Word for word, reproduce the records, keeping none of the pictures.

* Stored items from a collection:
____________

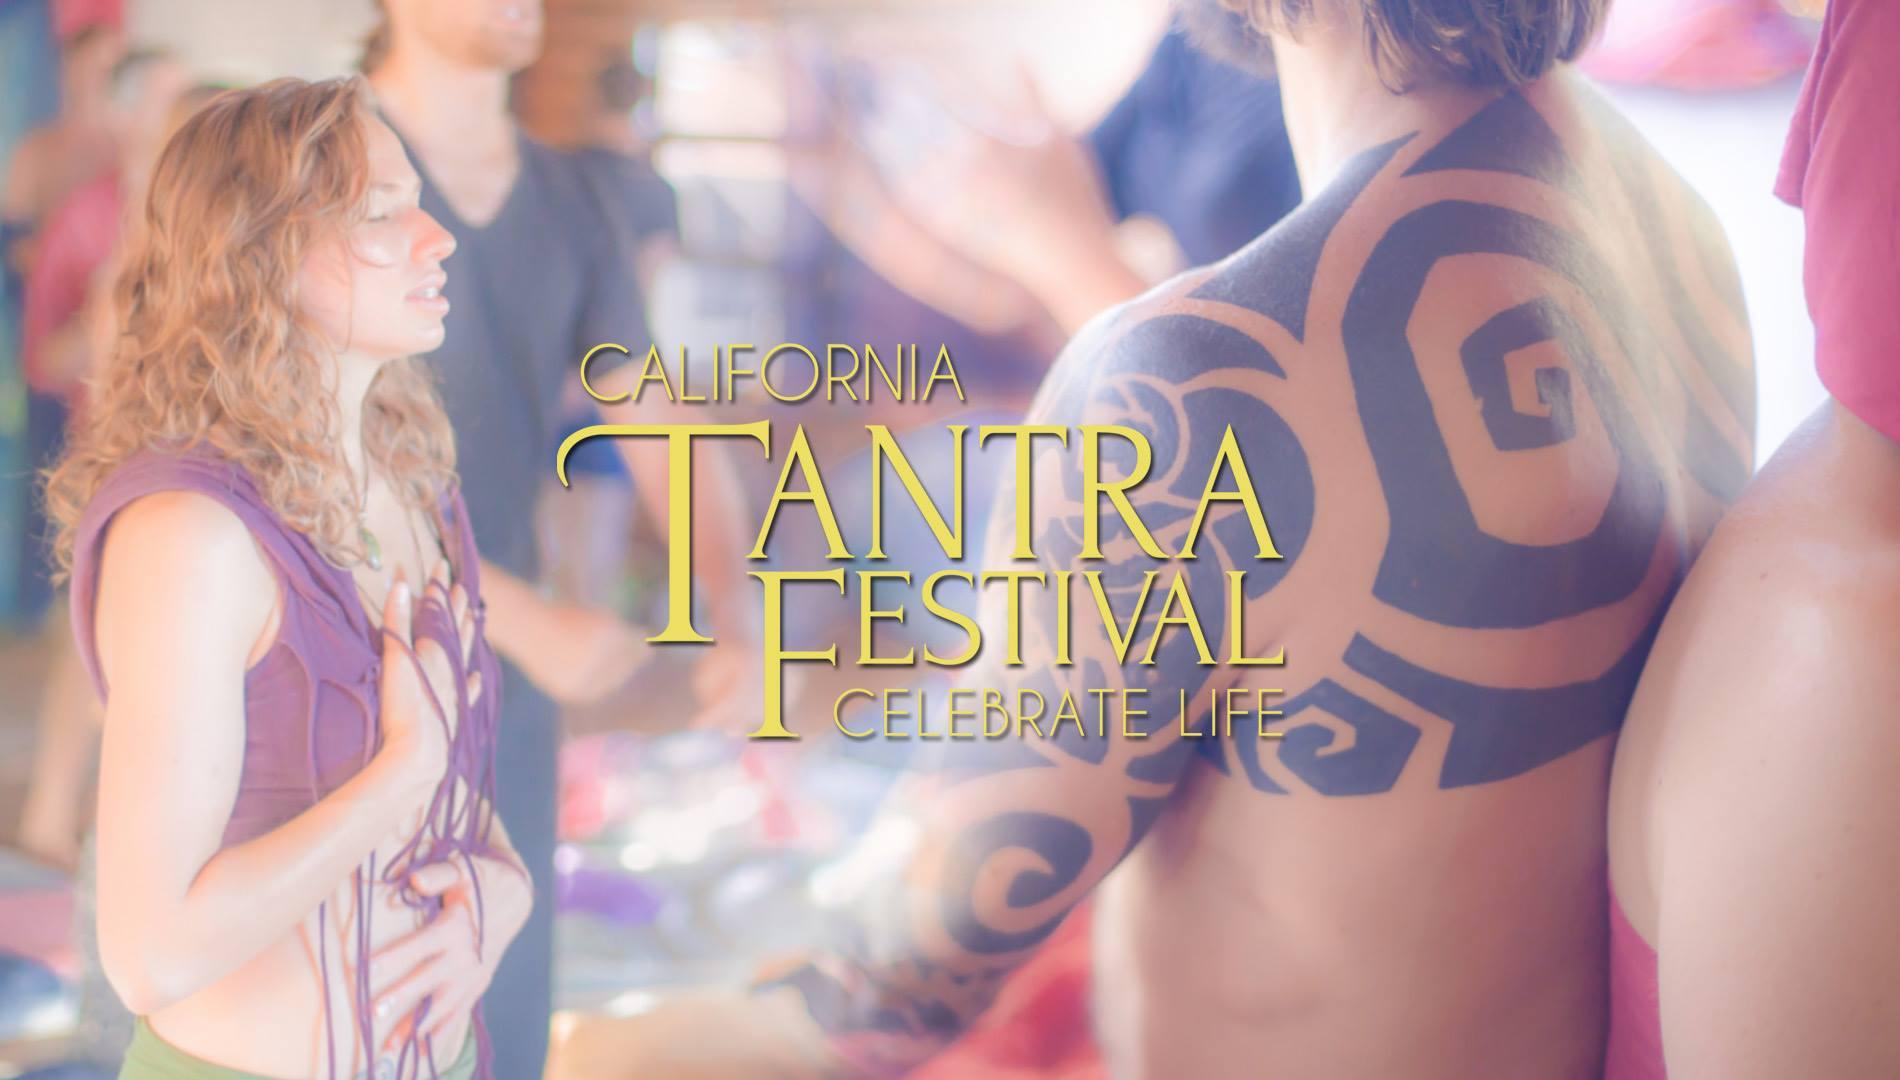 California Tantra Festival 2019 - Everyday Tantra
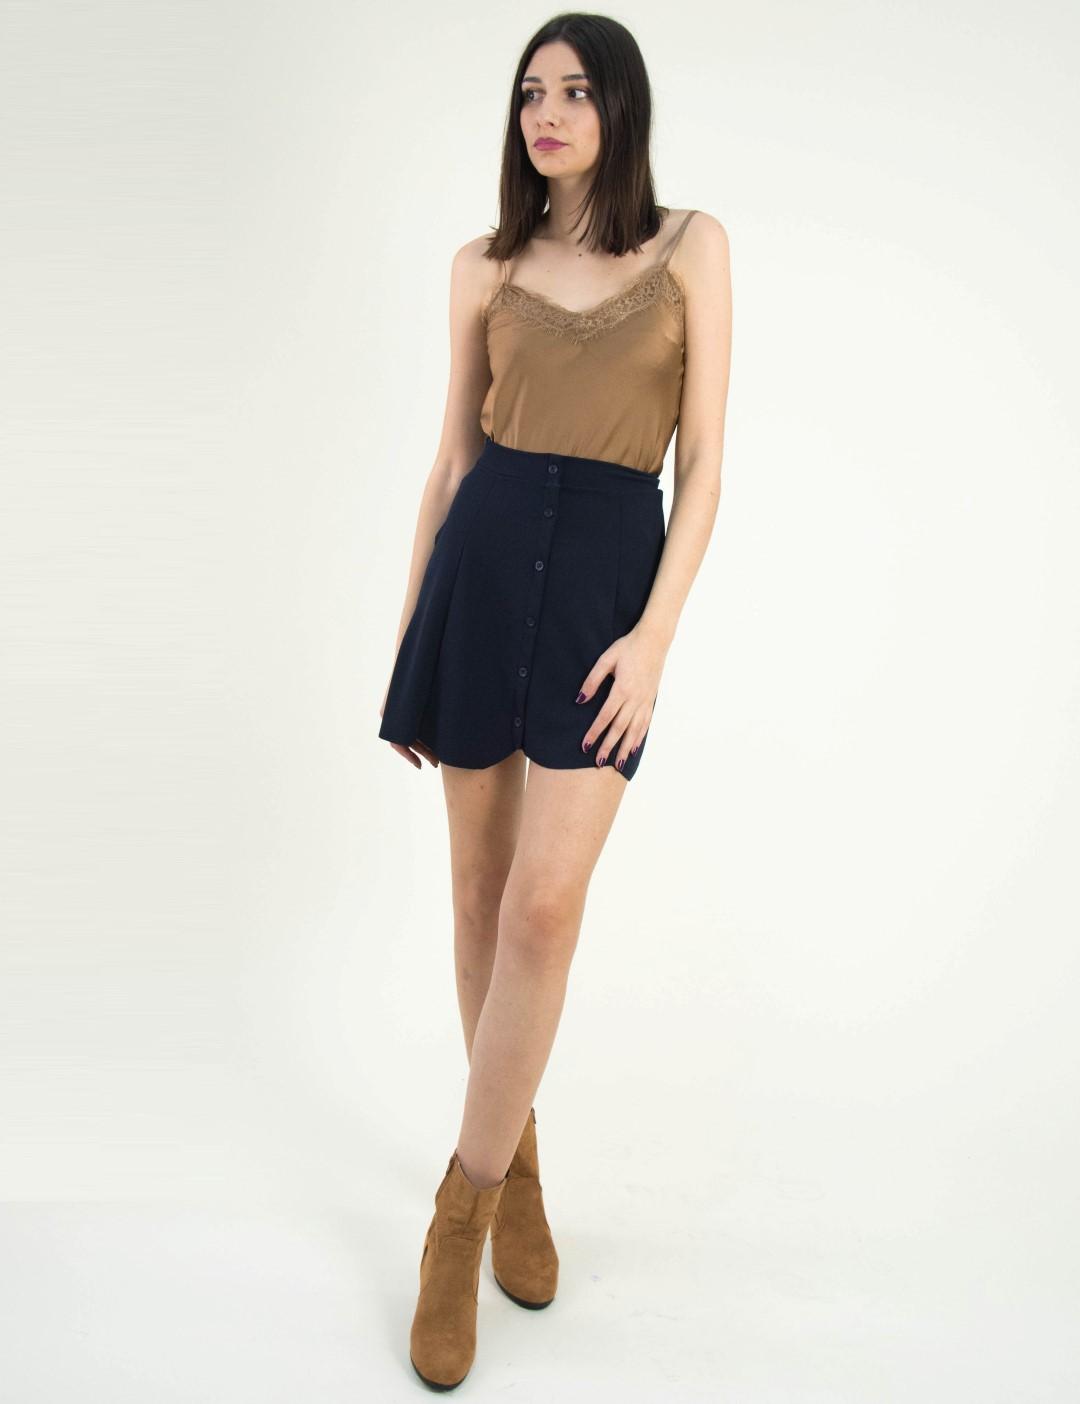 e0b4df1be63d Γυναικεία μίνι υφασμάτινη φούστα So Sexy μπλε με κουμπά 12620
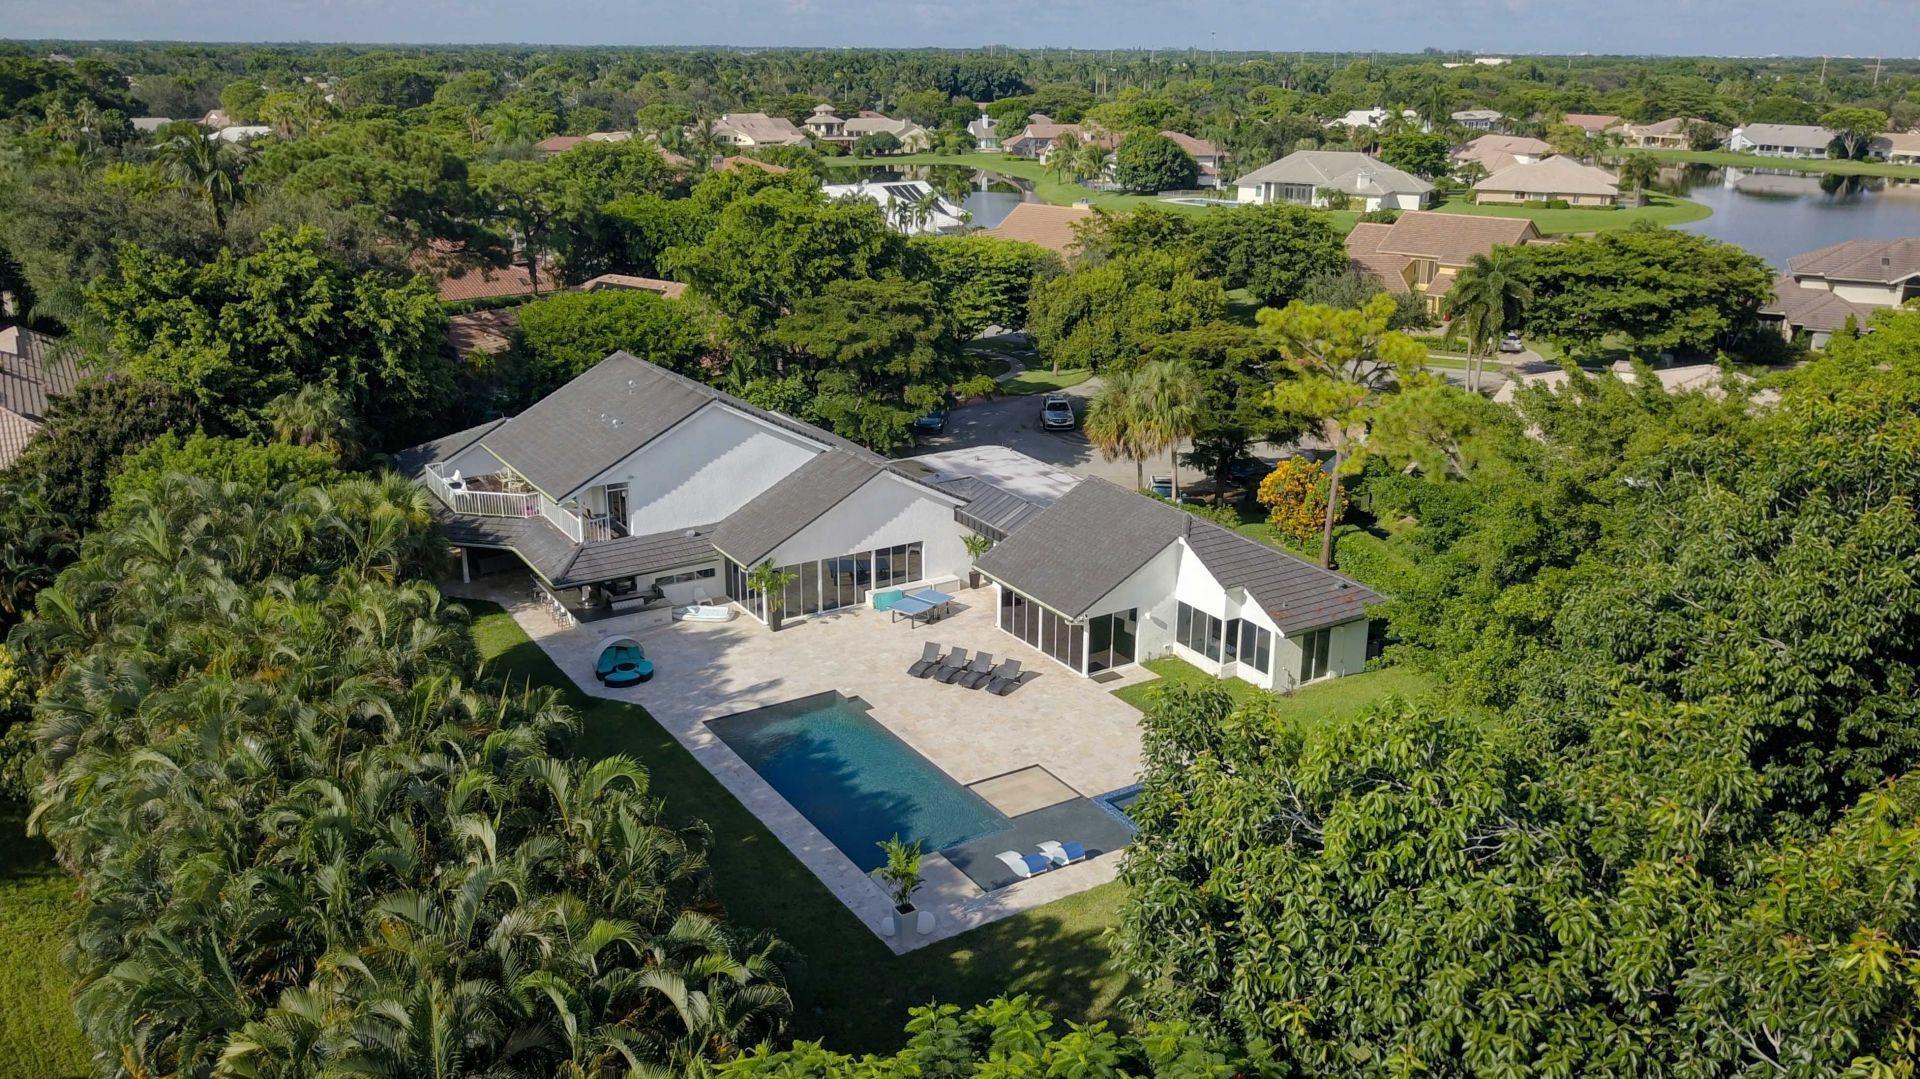 Photo of 3265 Trafalger Circle, Boca Raton, FL 33434
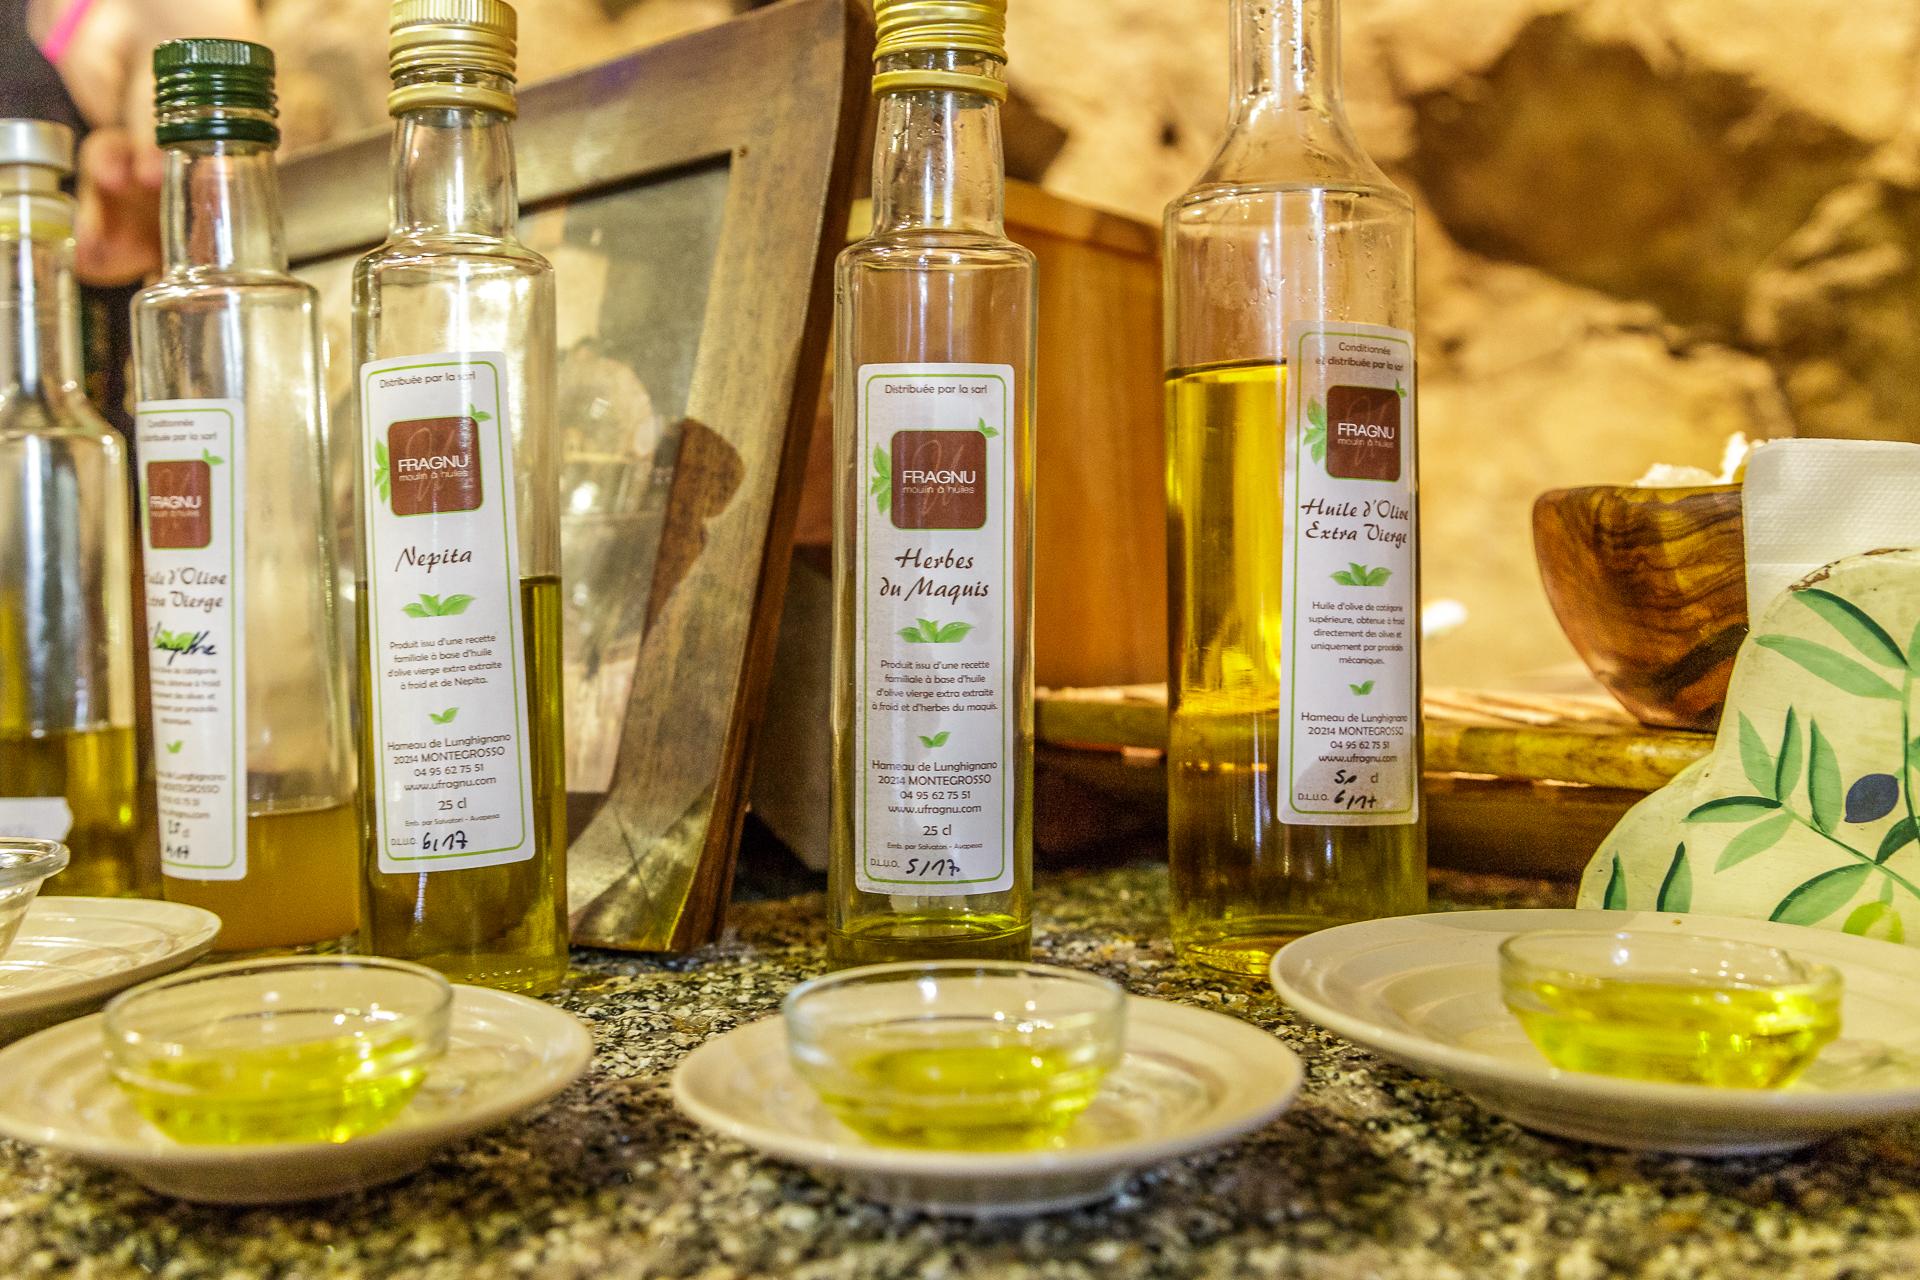 Korsika-Olivenoel
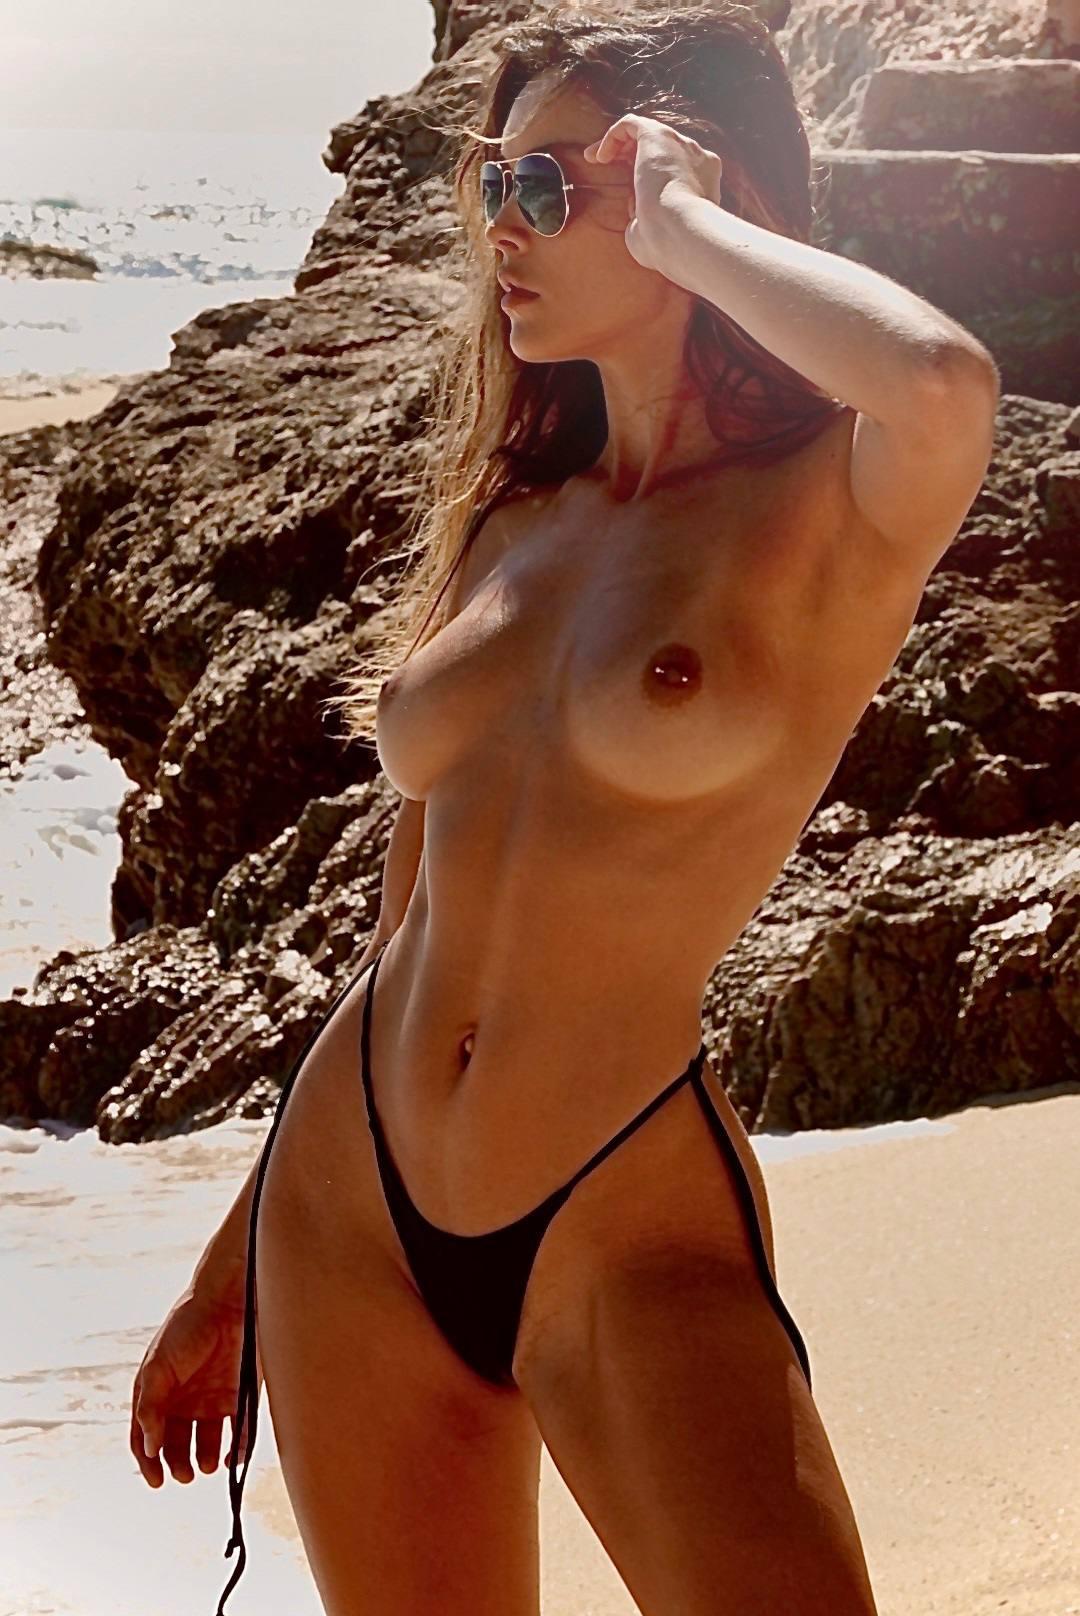 Cherokee Luker – Sexy Boobs In Beautiful Topless Photoshoot By Josh Ryan (nsfw) 0014

____________

* Solution for this exercise:
 California Tantra Festival 2019 - Everyday Tantra
 e0b4df1be63d Γυναικεία μίνι υφασμάτινη φούστα So Sexy μπλε με κουμπά 12620
 Photo of 3265 Trafalger Circle, Boca Raton, FL 33434
 Korsika-Olivenoel
 Cherokee Luker – Sexy Boobs In Beautiful Topless Photoshoot By Josh Ryan (nsfw) 0014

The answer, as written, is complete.